Larry M. Gentilello, Gregory Jurkovich, Michelle S. Stark, S. Ahmad Hassantash, Grant E. O'Keefe

Research output: Contribution to journalArticle

259 Citations (Scopus)

Abstract

Objective: The purpose of this randomized, prospective clinical trial was to determine whether hypothermia during resuscitation is protective or harmful to critically injured trauma patients. Summary Background Data: Hypothermia has both protective and harmful clinical effects.

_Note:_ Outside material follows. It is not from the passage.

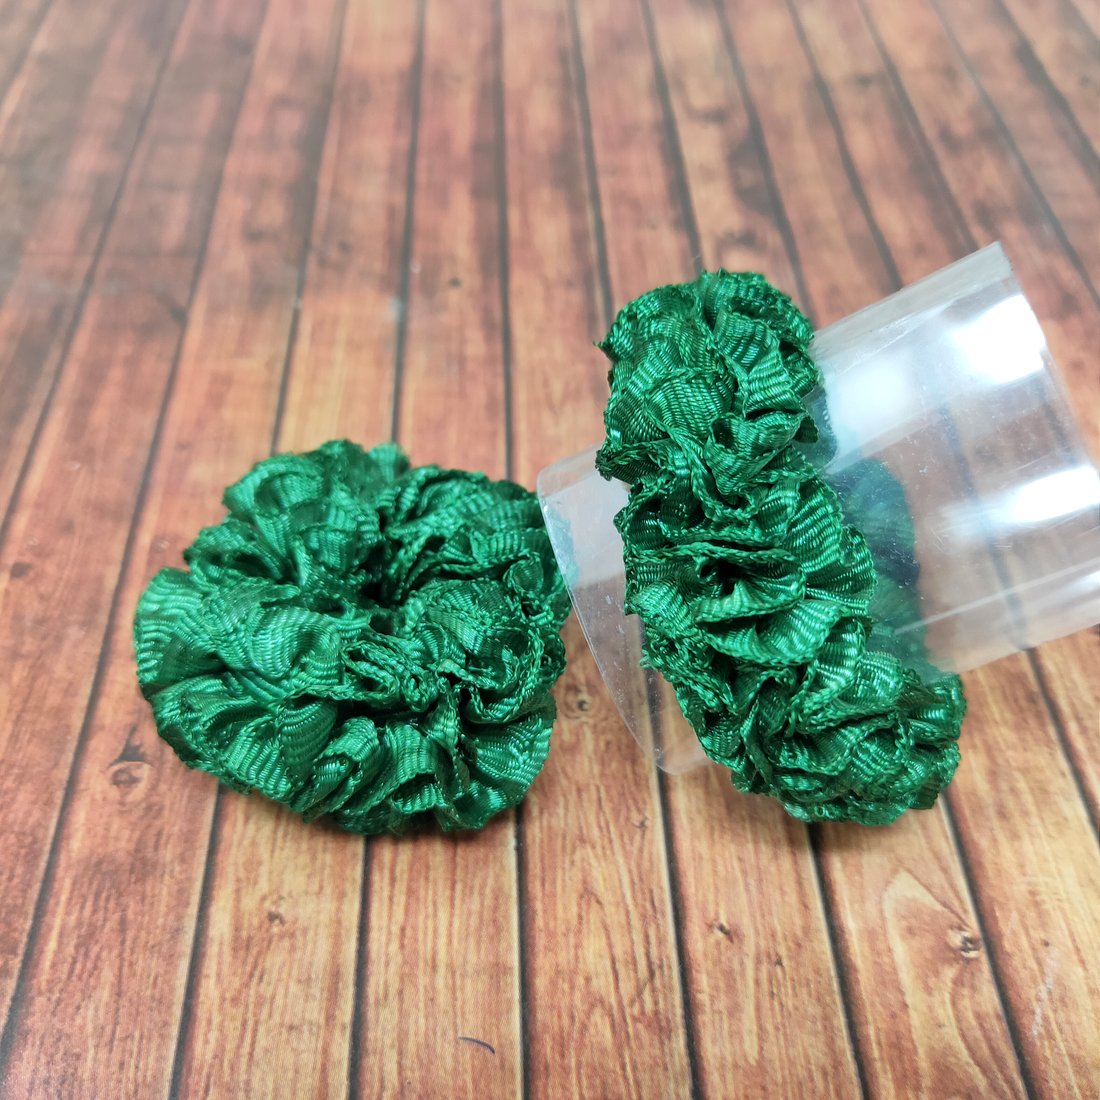 Anokhi Ada Green Fabric small Scrunchie for Girls and Women (15-17 Scrunchie, 2 Pcs)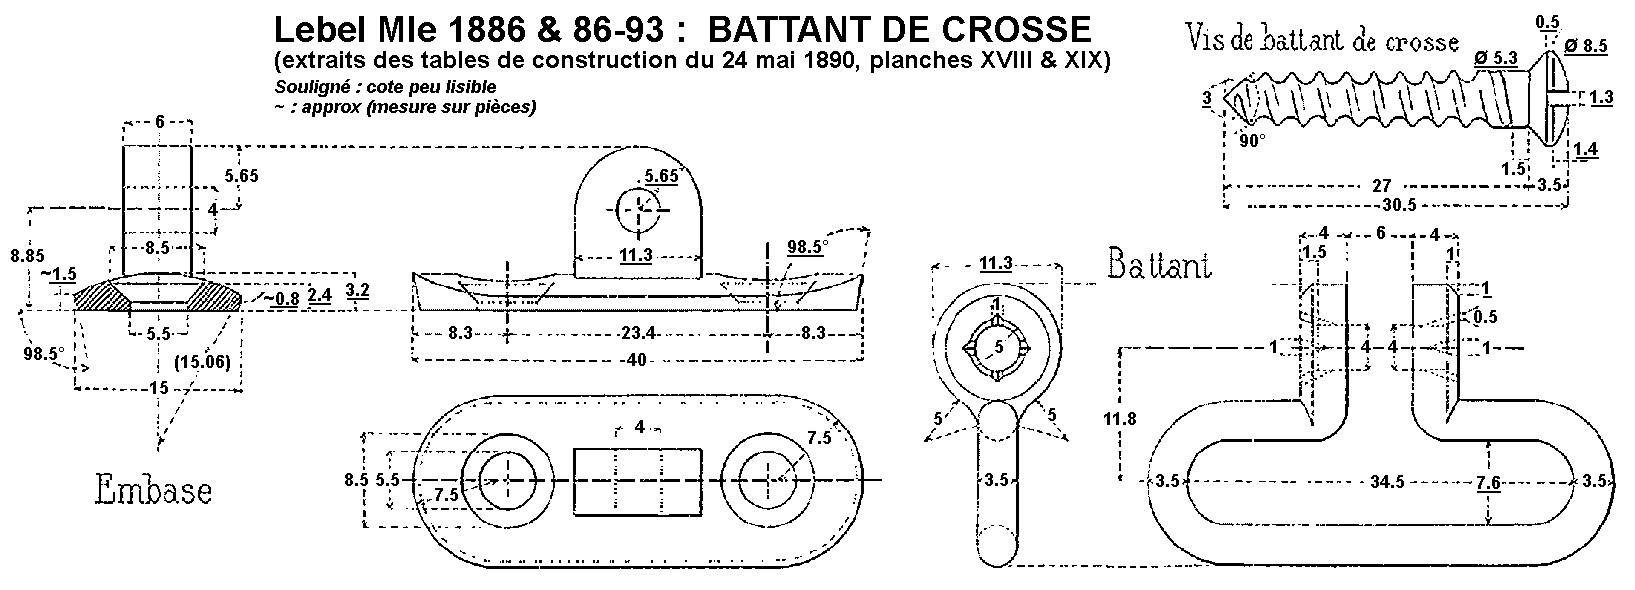 Customisation d'un Lebel 86-93 "de braco" Battan11

Retrospective studies show higher mortality in patients with hypothermia; however, hypothermia is more common in more severely injured patients, which makes it difficult to determine whether hypothermia contributes to mortality independently of injury severity. There are no randomized, prospective treatment studies to assess hypothermia's impact as an independent variable. Methods: Fifty-seven hypothermic (T ≤34.5 C), critically injured patients requiring a pulmonary artery catheter were randomized to a rapid rewarming protocol using continuous arteriovenous rewarming (CAVR) or to a standard rewarming (SR) control group. The primary outcome of interest was first 24- hour blood product and fluid resuscitation requirements. Other comparative analyses included coagulation assays, hemodynamic and oxygen transport measurements, length of stay, and mortality. Results: The two groups were well matched for demographic and injury severity characteristics. CAVR rewarmed significantly faster than did SR (p < 0.01), producing two groups with different amounts of hypothermia exposure. The patients who underwent CAVR required less fluid during resuscitation to the same hemodynamic goals (24,702 mL vs. 32,540 mL, p = 0.05) and were significantly more likely to rewarm (p = 0.002). Only 2 (7%) of 29 patients who underwent CAVR failed to warm to 36 C and both died, whereas 12 (43%) of 28 patients who underwent SR failed to reach 36 C, and all 12 died. Patients who underwent CAVR had significantly less early mortality (p = 0.047). Conclusion: Hypothermia increases fluid requirements and independently increases acute mortality after major trauma.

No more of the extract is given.